SUPPLIED DATA Block Start

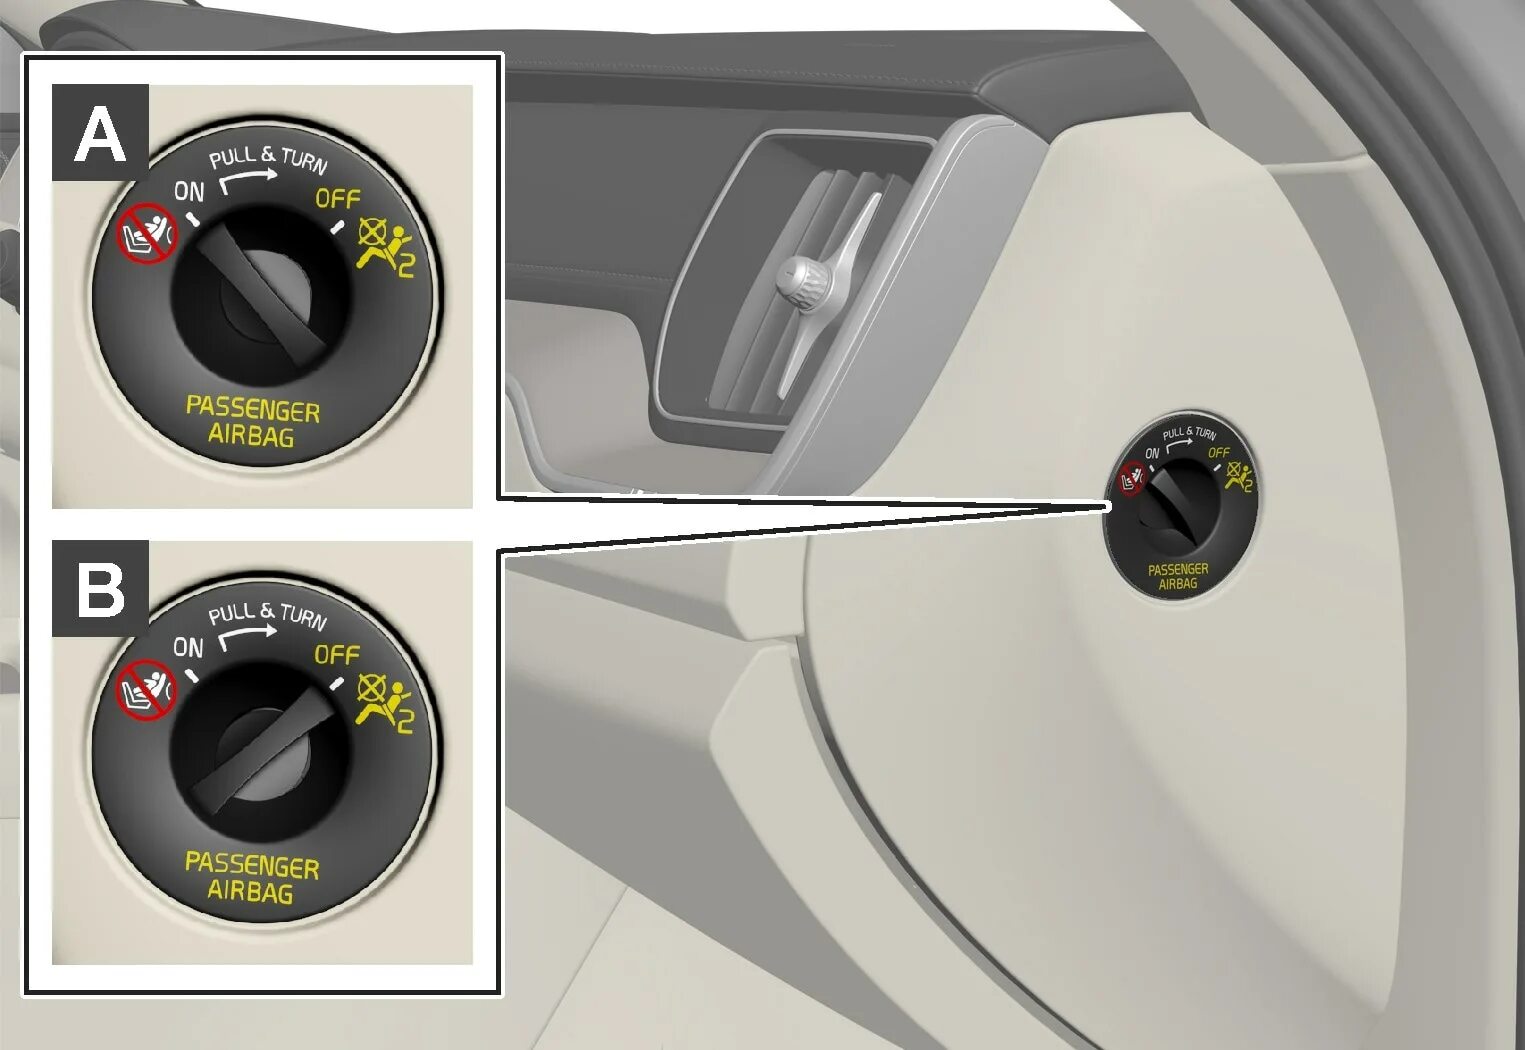 2018 отключение. Отключение подушки безопасности пассажира Вольво s60 2014. Переключатель подушки безопасности 1381035. Как отключить подушку безопасности спереди. Как отключить подушку безопасности пассажира Вольво s40.
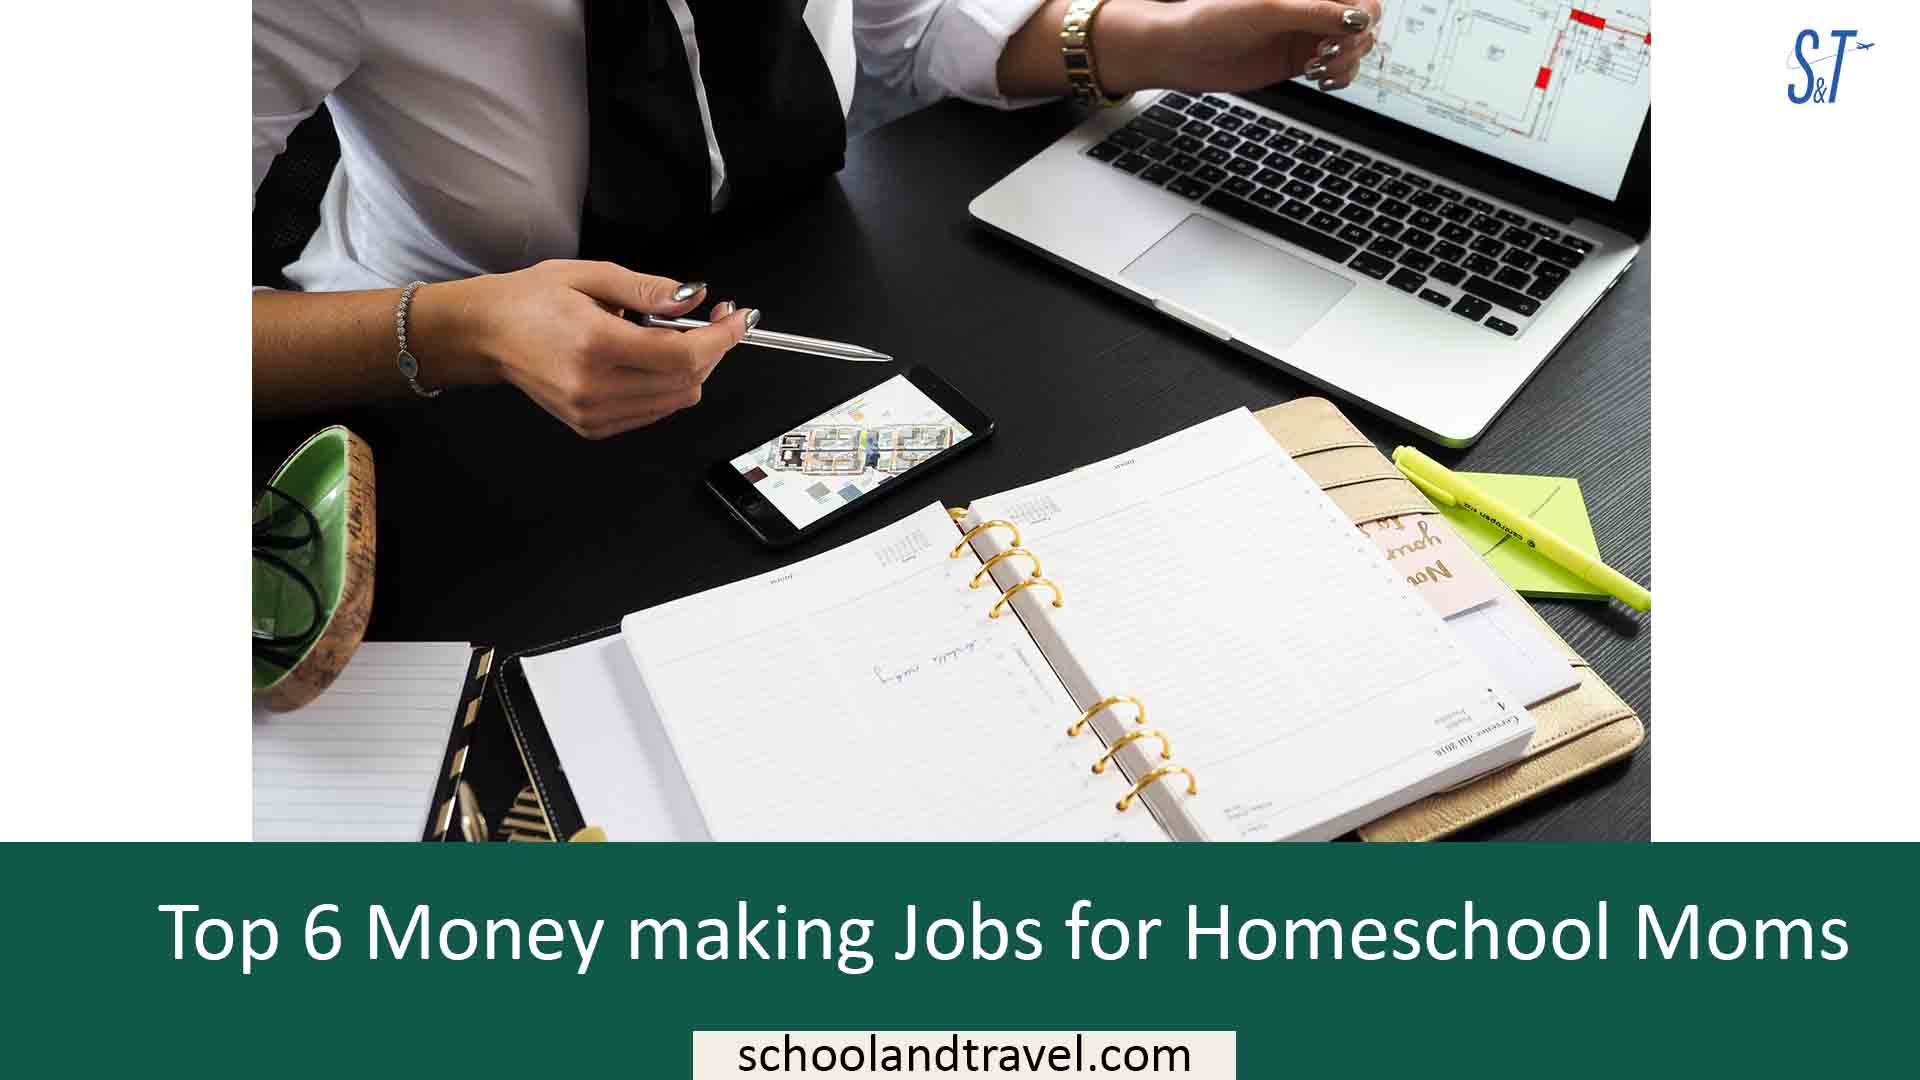 Top 6 Money making Jobs for Homeschool Moms
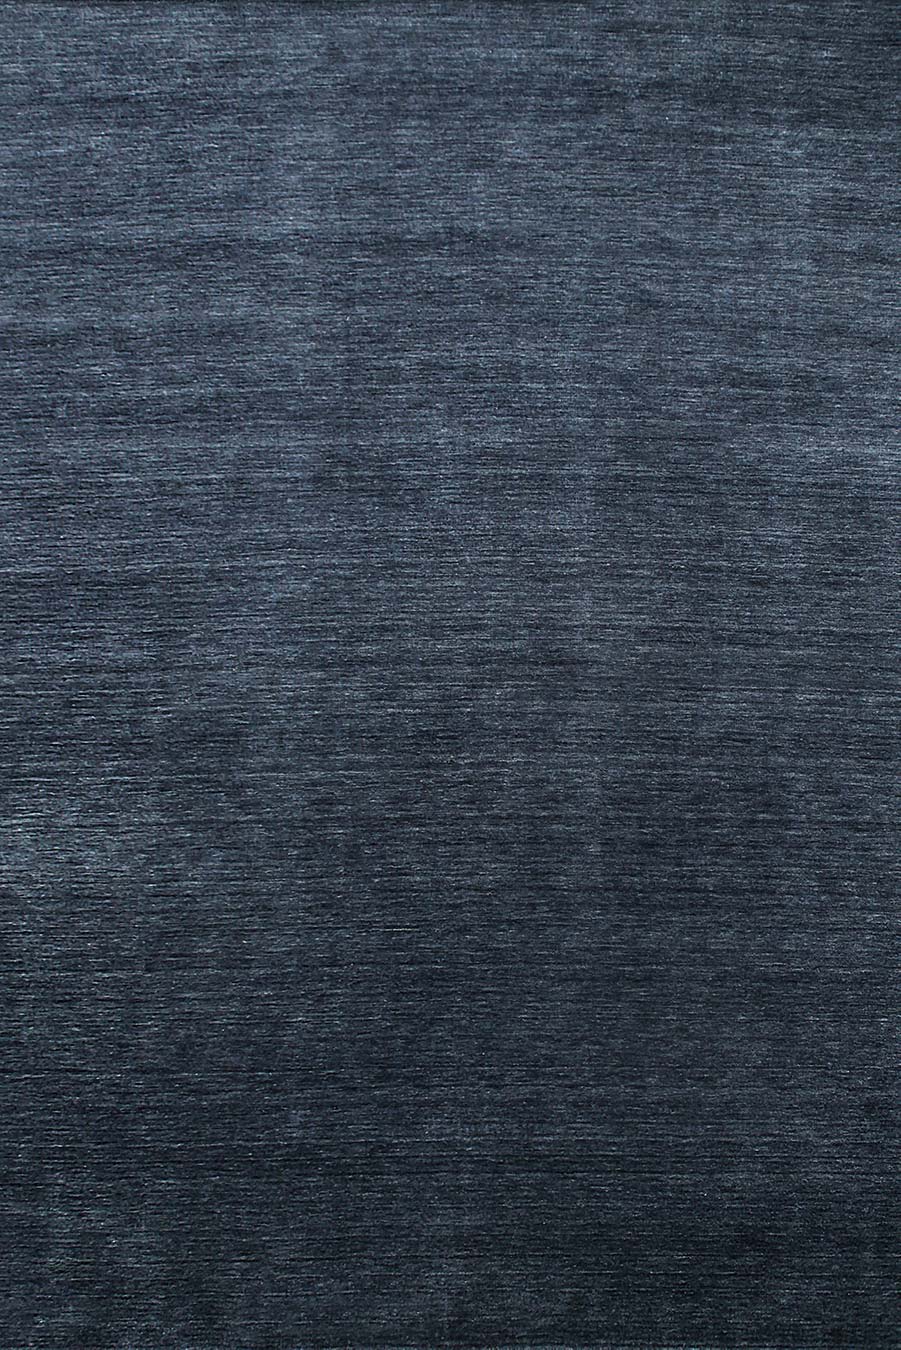 Overhead view of textured Zen rug in navy blue colour

SUPPLIED DATA Block End

# [EXERCISE DESCRIPTION]
The reply should repeat the listing above exactly and contain no pictures.

# [OUTPUT BELOW]
 2018 отключение. Отключение подушки безопасности пассажира Вольво s60 2014. Переключатель подушки безопасности 1381035. Как отключить подушку безопасности спереди. Как отключить подушку безопасности пассажира Вольво s40.
 Top 6 Money making Jobs for Homeschool Moms
 Overhead view of textured Zen rug in navy blue colour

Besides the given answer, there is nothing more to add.